---------- RECORDS TO USE ----------
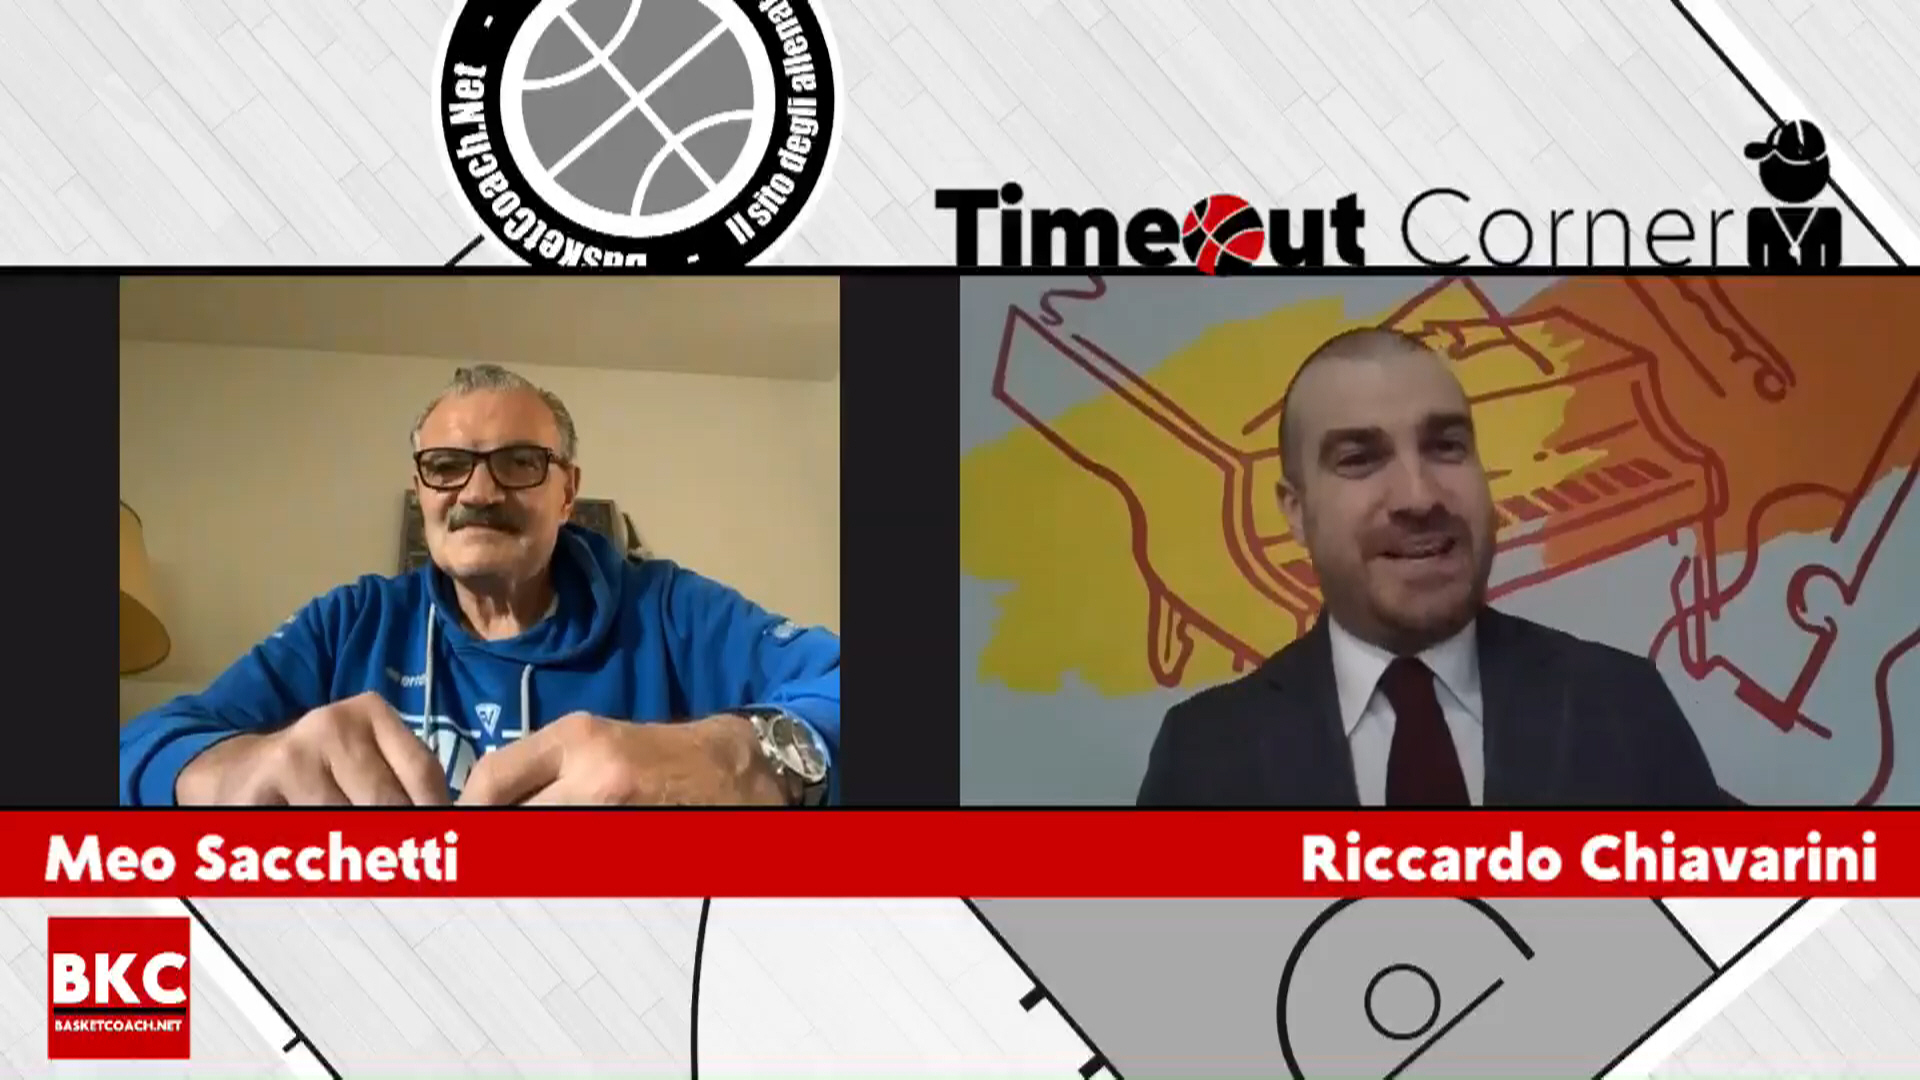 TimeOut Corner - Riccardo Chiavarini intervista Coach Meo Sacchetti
----------
---------- RECORDS TO USE ----------
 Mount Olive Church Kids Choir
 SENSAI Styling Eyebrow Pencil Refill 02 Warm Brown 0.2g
----------
▸ **WHAT YOU SHOULD DO**: Could you return exactly the lines above from the line with "Mount Olive Church Kids Choir" to the line with "SENSAI Styling Eyebrow", both included, and nothing else?

▸ **EXERCISE ANSWER**:
 Mount Olive Church Kids Choir
 SENSAI Styling Eyebrow Pencil Refill 02 Warm Brown 0.2g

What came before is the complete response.